Au cours de cette fête, la nation d’Israël célèbre son avènement, excluant les étrangers de la participation à cet héritage. L’essence de la fête réside dans son caractère intime, souligné par la directive selon laquelle “un étranger ne peut pas y participer”, réservant la participation aux seuls membres du peuple.
S’il est vrai qu’Israël finira par assumer un rôle universel dans l’humanité, cette transformation se produira plus tard, notamment pendant Souccot. Cependant, avant de se lancer dans cette mission universelle, il est crucial de cimenter une première phase où la nation juive entretient une relation profonde et intime avec son Créateur.

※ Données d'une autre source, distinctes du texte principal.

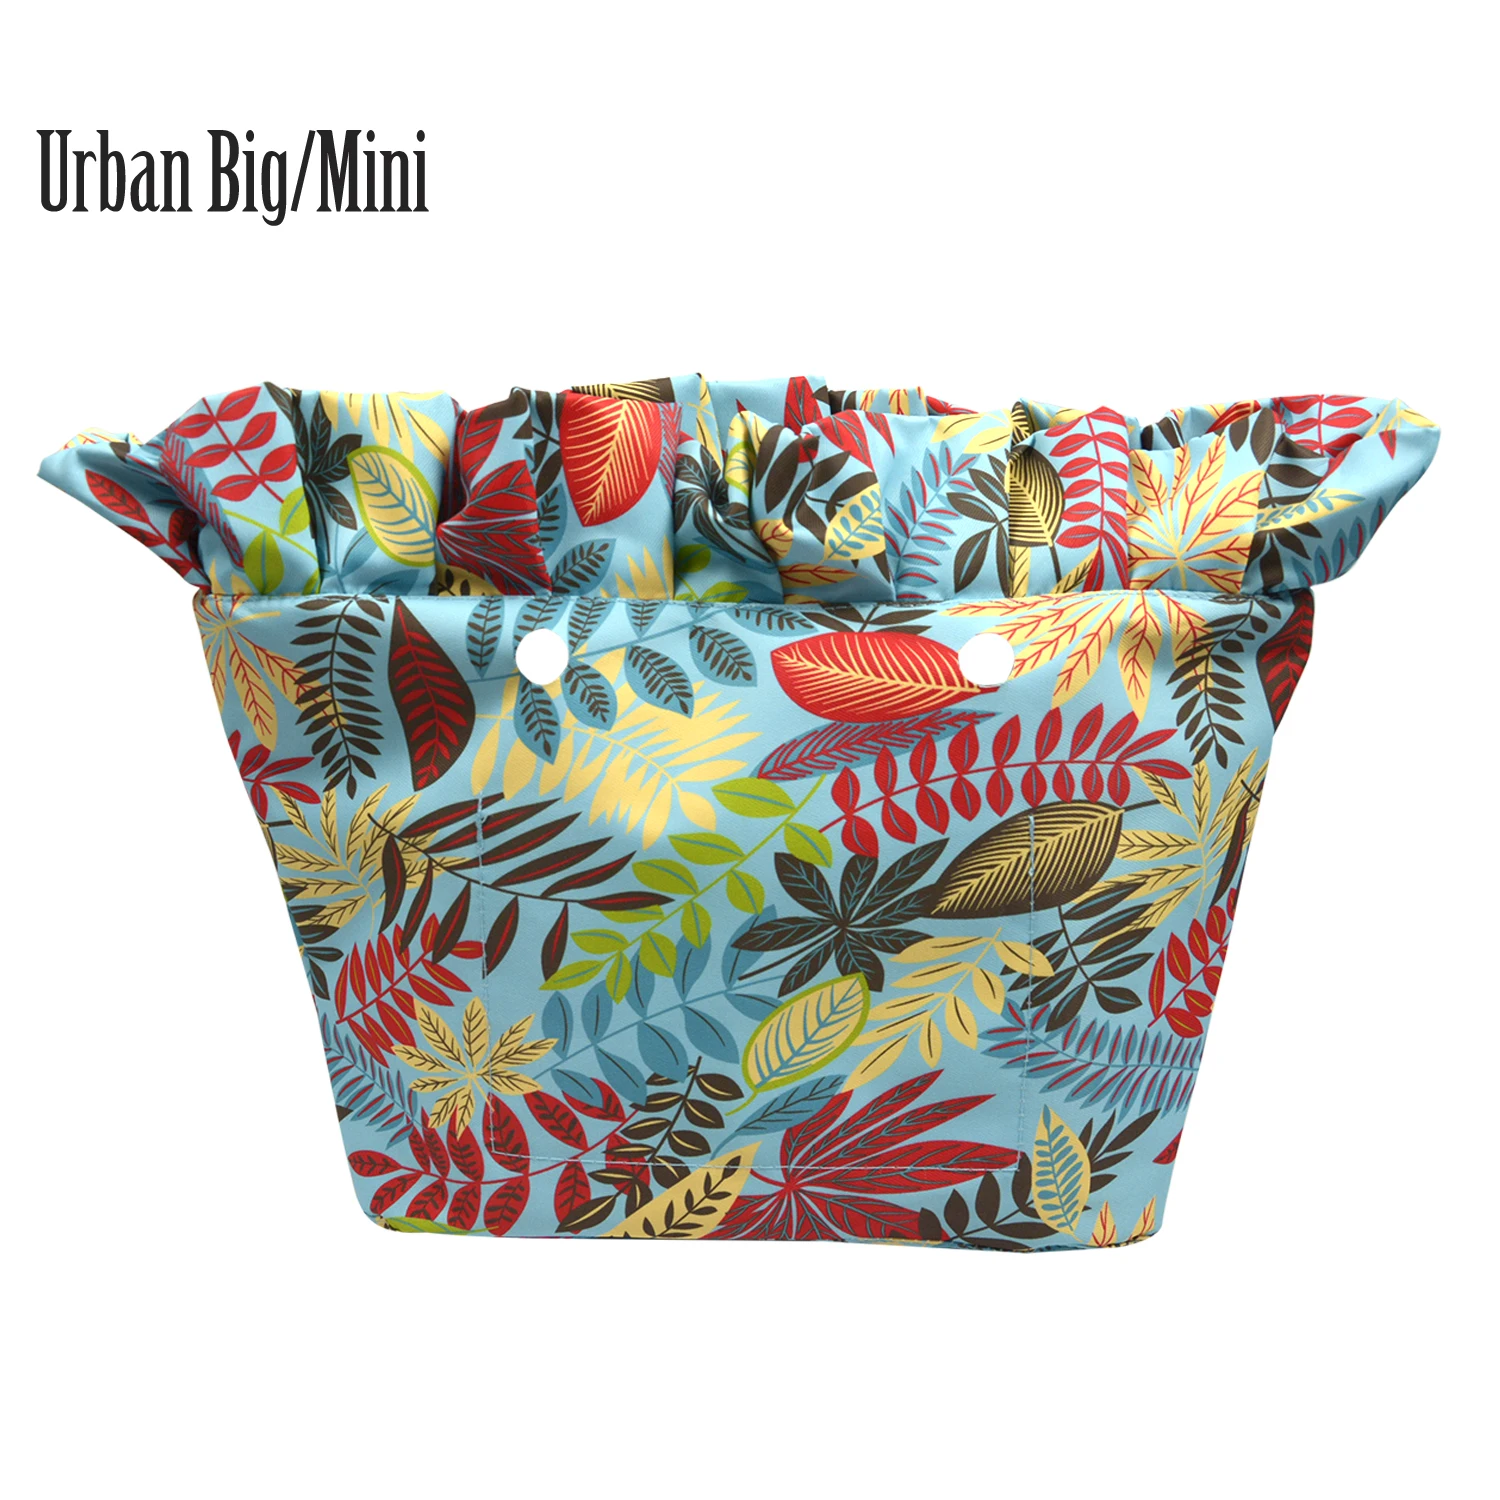 

2020 New Composite Twill Cloth Waterproof Frill Pleat Inner Lining Insert for Obag Urban mini for O Bag Urban big, Floral

Michkan en Nissan, Mikdach en Tichri
Au cours de la deuxième année de leur exode d’Égypte, au cours du mois de Nissan, les enfants d’Israël commémoraient l’inauguration du Michkan et les huit jours de Milouïm. En revanche, l’innauguration du Temple eut lieu au mois de Tichri. Le Michkan a été inauguré à Nissan car il a été construit pendant la phase initiale, lorsque les Israélites voyageaient à travers le désert. Son but était de manifester de manière unique la présence de la Chekhina parmi le peuple d’Israël et de perpétuer l’inspiration divine qui a commencé au mont Sinaï. À l’inverse, le roi Chlomo a choisi d’ériger le Temple en Tichri, le désignant non seulement comme sanctuaire national mais aussi comme demeure universelle, comme l’explique sa prière : Je t’implore aussi pour l’étranger qui ne fait pas partie de ton peuple Israël et qui viendrait de loin pour honorer ton nom. Car ils entendront parler de ton grand nom, de ta main puissante et de ton bras étendu, et ils viendront prier dans cette maison.
Pour conclure
Pessah est une occasion sacrée au cours de laquelle Hachem nous distingue de toutes les autres nations, nous désignant comme son peuple élu. Le nom de cette fête – Pessah – vient du moment charnière de la dernière plaie, où Dieu a protégé les habitations des enfants d’Israel en Égypte tout en exerçant son jugement sur les Égyptiens, un acte divin qui a sauvegardé nos familles. Un sentiment similaire de protection divine était palpable samedi soir dernier, alors que 350 missiles iraniens ont traversé notre ciel, menaçant notre population en pleine nuit, sans toutefois causer miraculeusement aucun mal.
Cependant, la providence de Dieu s’accompagne d’un appel à l’action de notre part : notre participation active au korban pessah, symbolisant le sacrifice de soi et une foi inébranlable.
En y réfléchissant, l’affirmation de Hachem à Moché mentionnée dans le Midrach : « Israël ne sortiront point avant d’avoir égorgé le dieu d’Égypte sous ses yeux » révèle une vérité profonde. Notre libération de l’exil et notre existence continue en tant que nation dépendent de notre reconnaissance inébranlable qu’aucune force ne peut opérer au-delà de Sa volonté divine, pas même le système de défense aérienne le plus sophistiqué.